▶ _Listed entries_
:::::
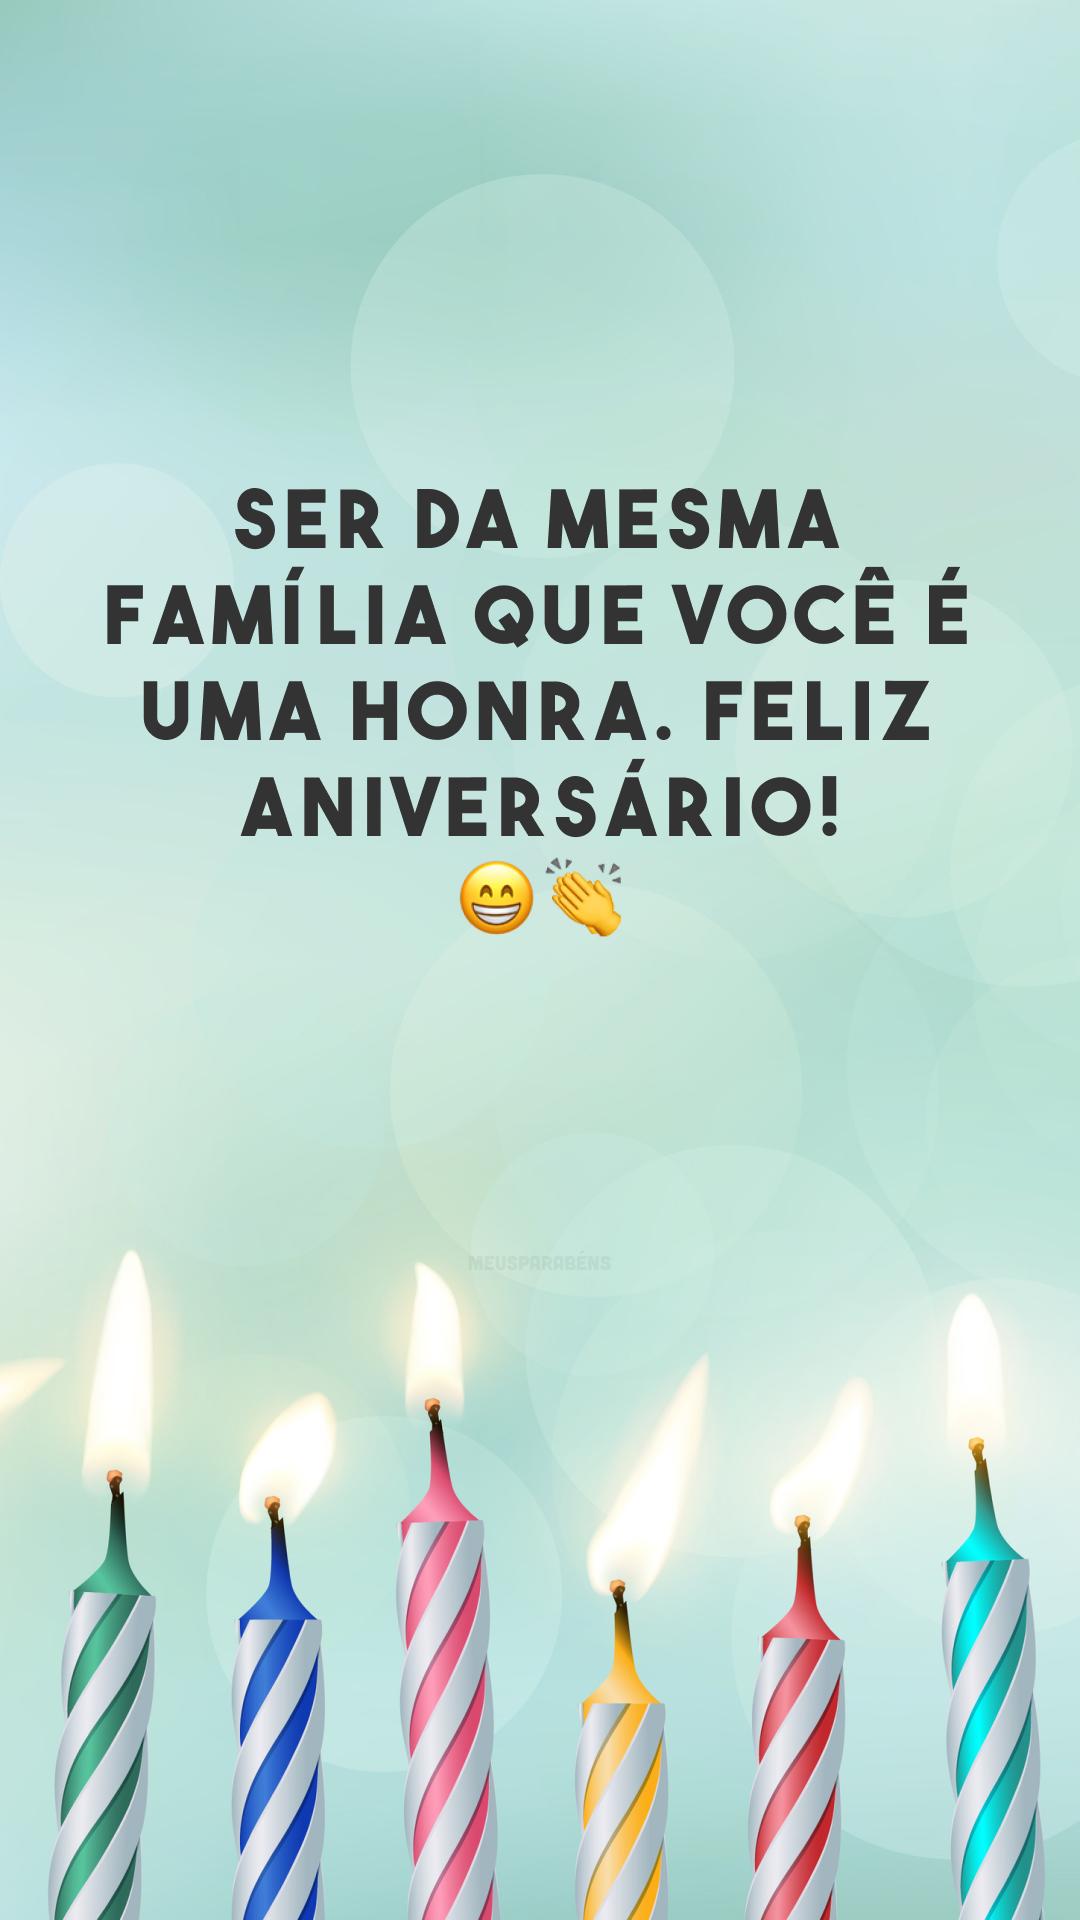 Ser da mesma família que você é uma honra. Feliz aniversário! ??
:::::
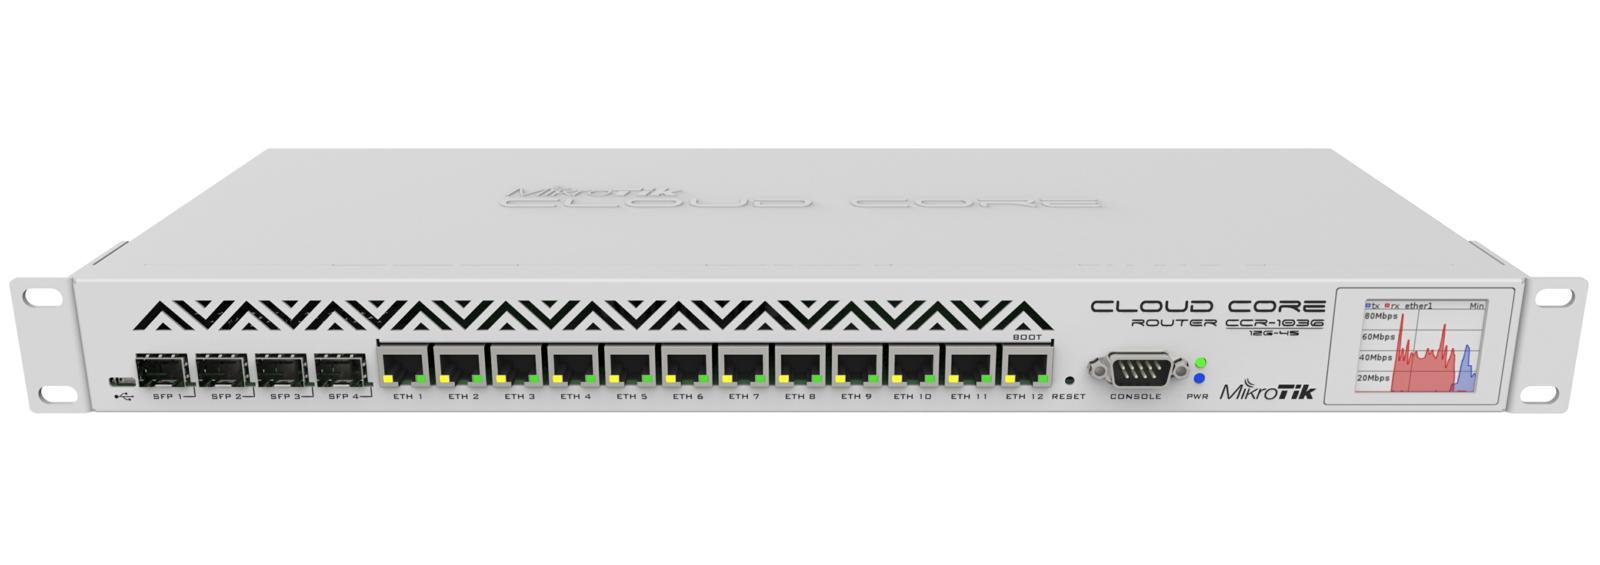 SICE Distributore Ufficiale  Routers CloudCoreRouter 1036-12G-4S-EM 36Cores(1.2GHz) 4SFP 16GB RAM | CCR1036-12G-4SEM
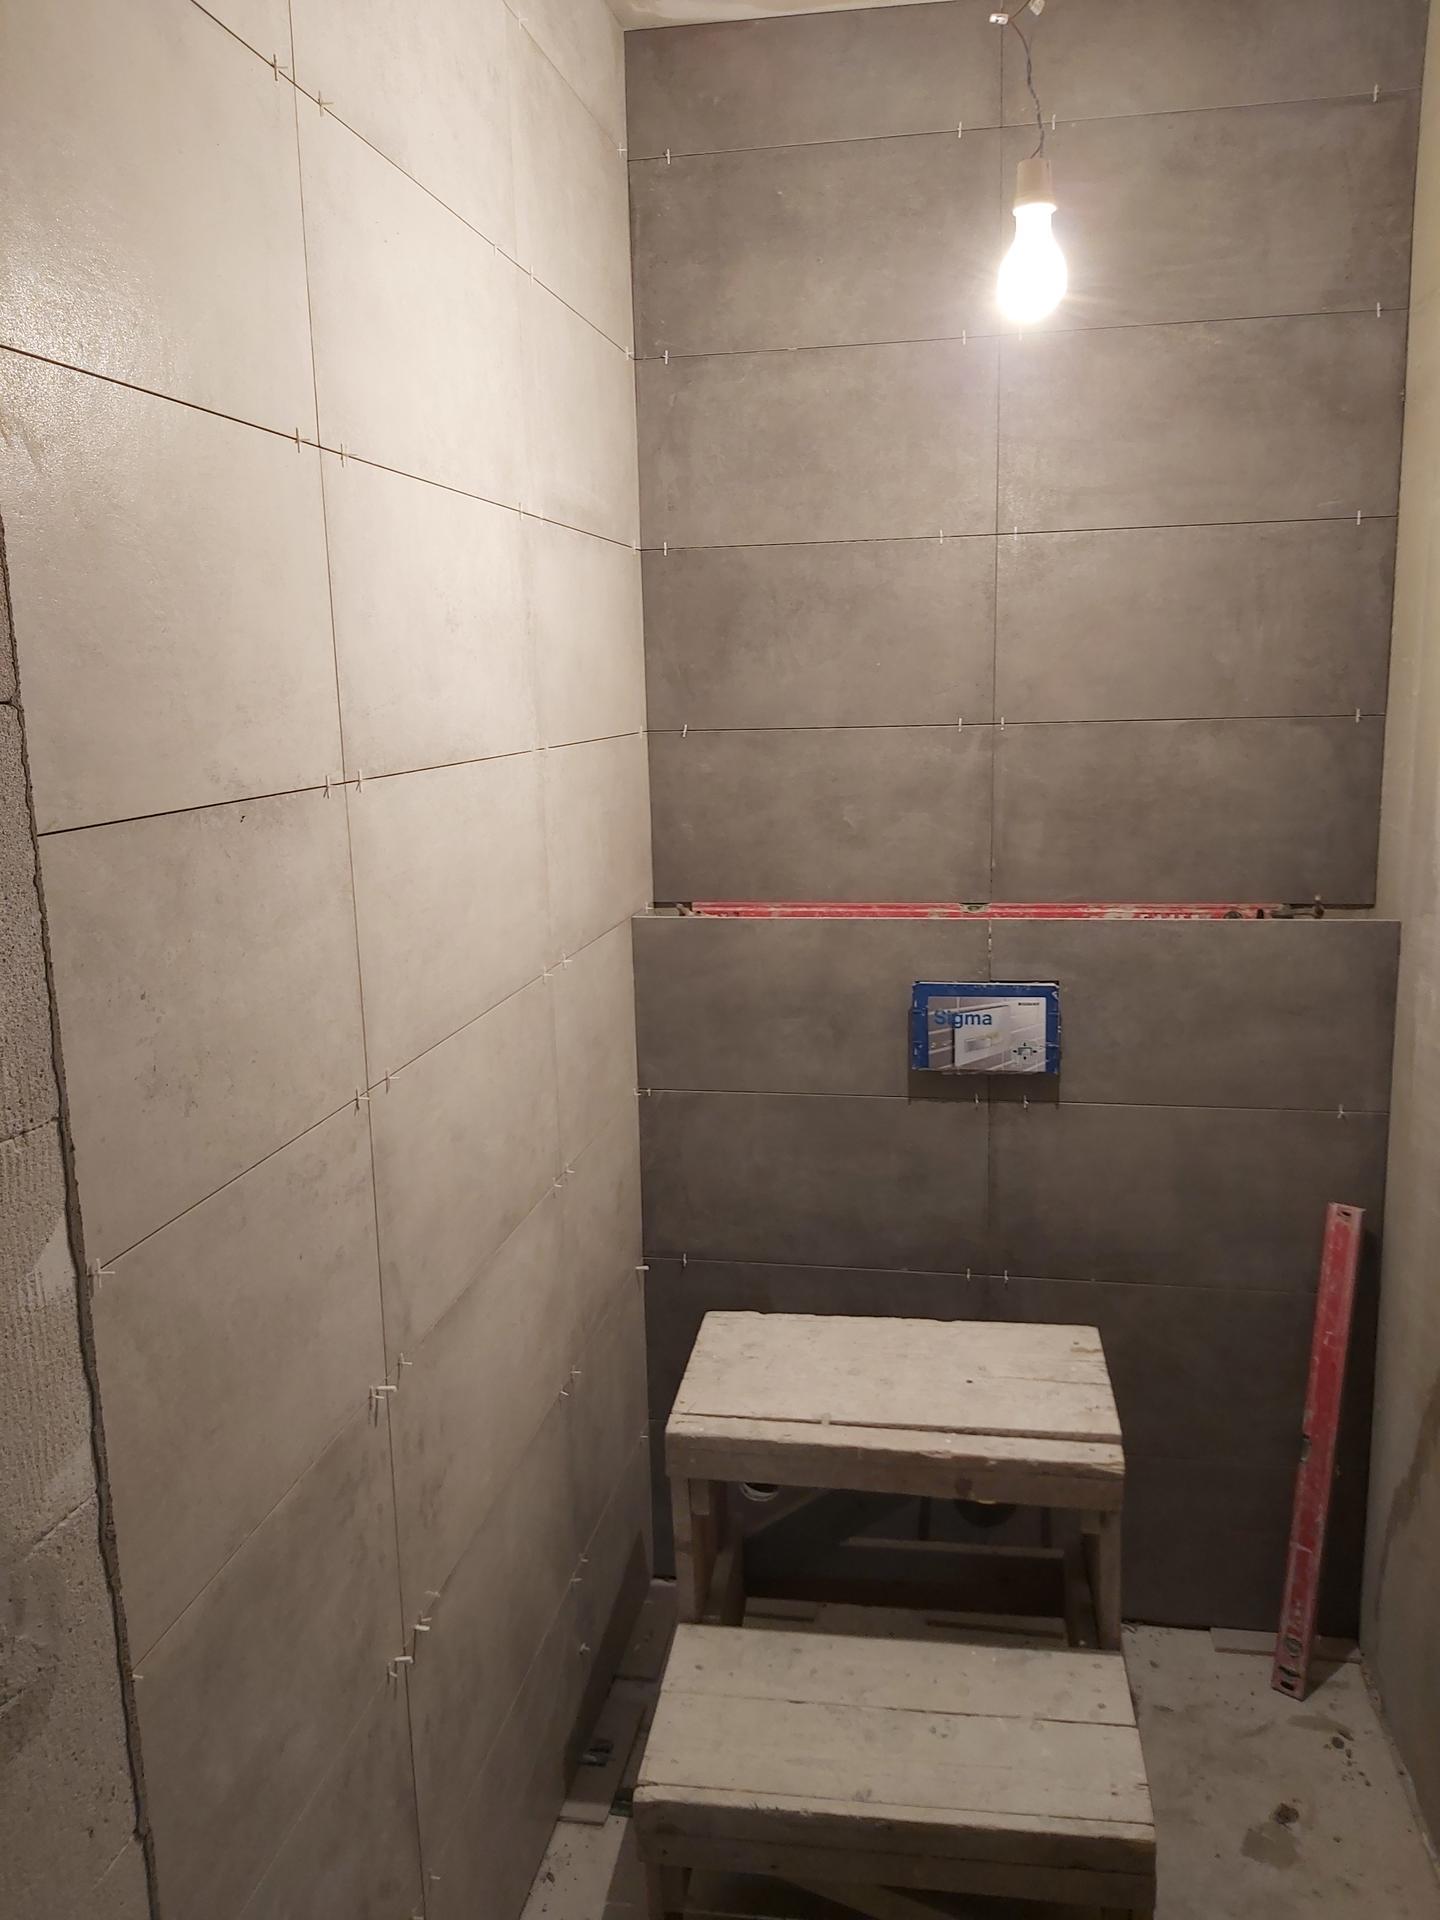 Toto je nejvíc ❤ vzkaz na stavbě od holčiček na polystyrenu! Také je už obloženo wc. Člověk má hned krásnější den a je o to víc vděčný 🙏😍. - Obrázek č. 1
:::::
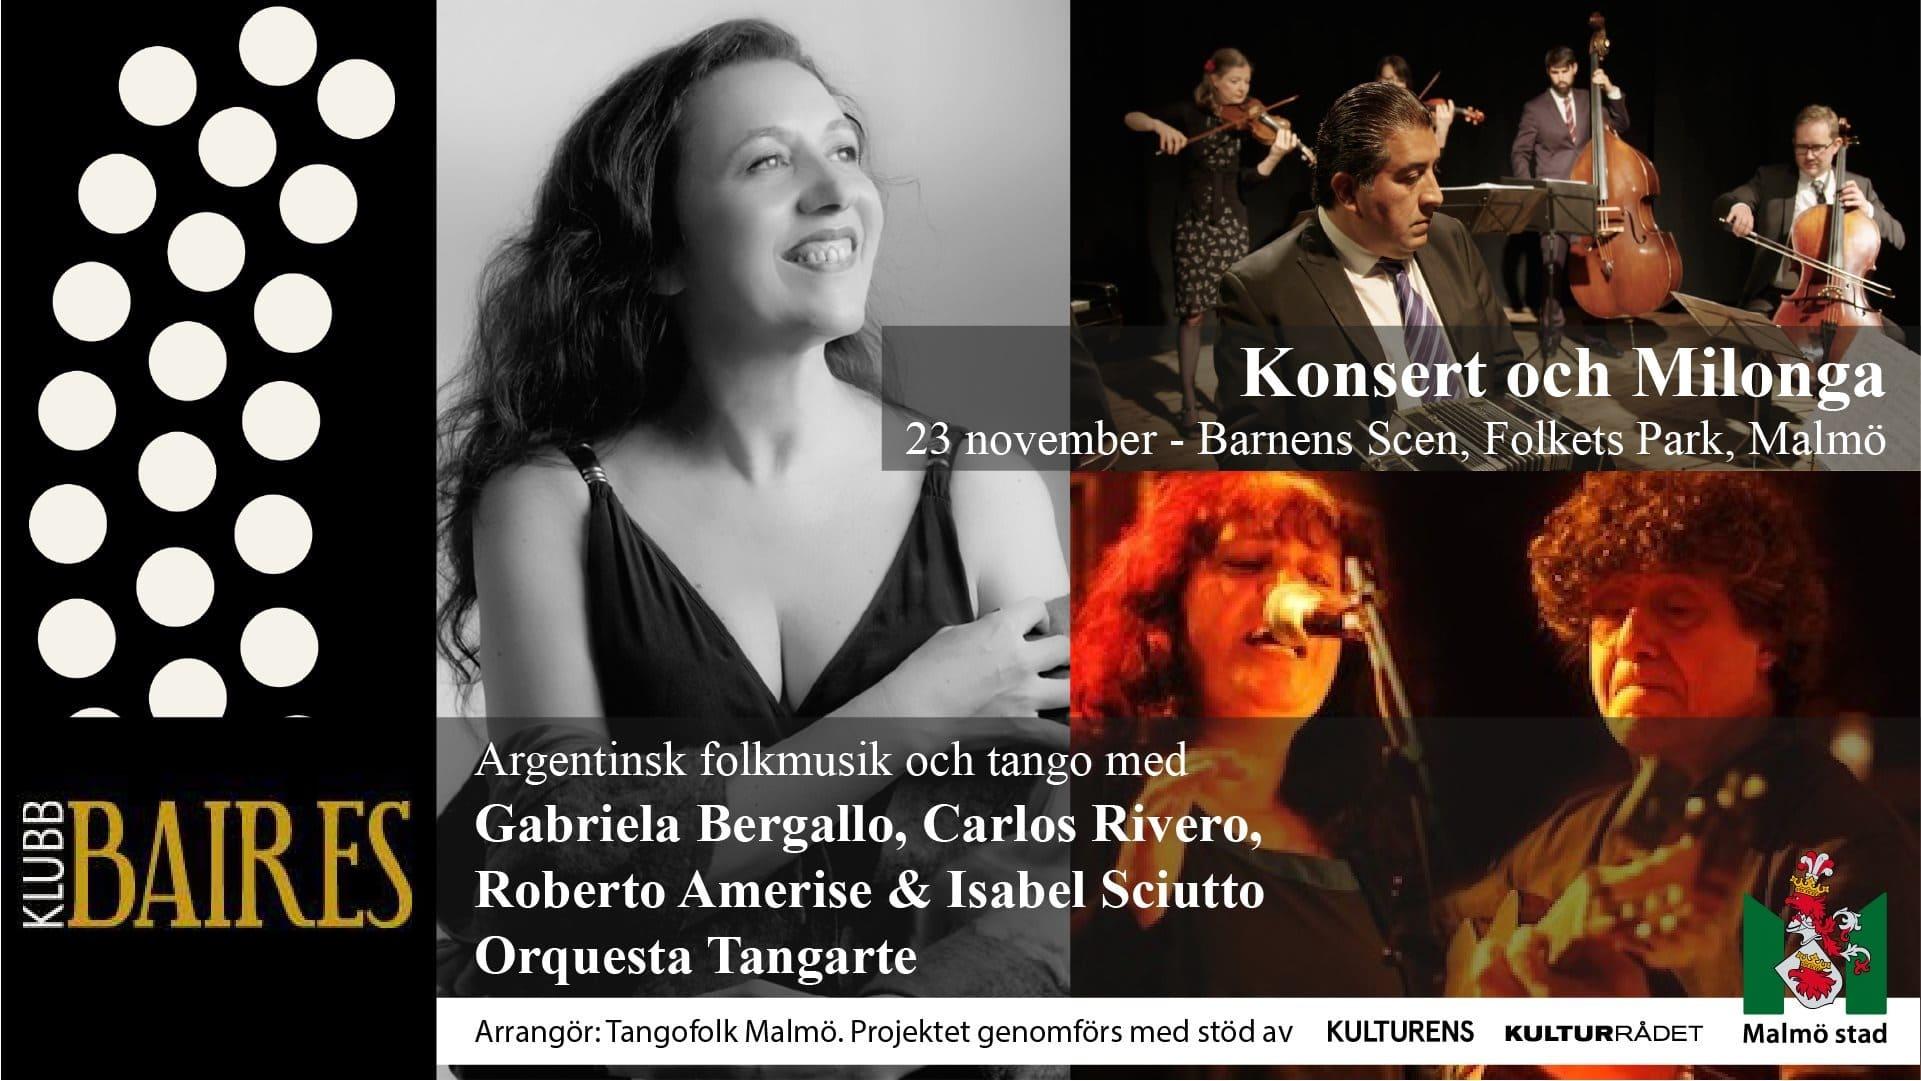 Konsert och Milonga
:::::
▶ _Directions_
Above are the records; restate exactly the lines from the one containing "SICE Distributore Ufficiale" through the one containing "Toto je nejvíc", keeping pictures out.

▶ _Exercise answer_
 SICE Distributore Ufficiale  Routers CloudCoreRouter 1036-12G-4S-EM 36Cores(1.2GHz) 4SFP 16GB RAM | CCR1036-12G-4SEM
 Toto je nejvíc ❤ vzkaz na stavbě od holčiček na polystyrenu! Také je už obloženo wc. Člověk má hned krásnější den a je o to víc vděčný 🙏😍. - Obrázek č. 1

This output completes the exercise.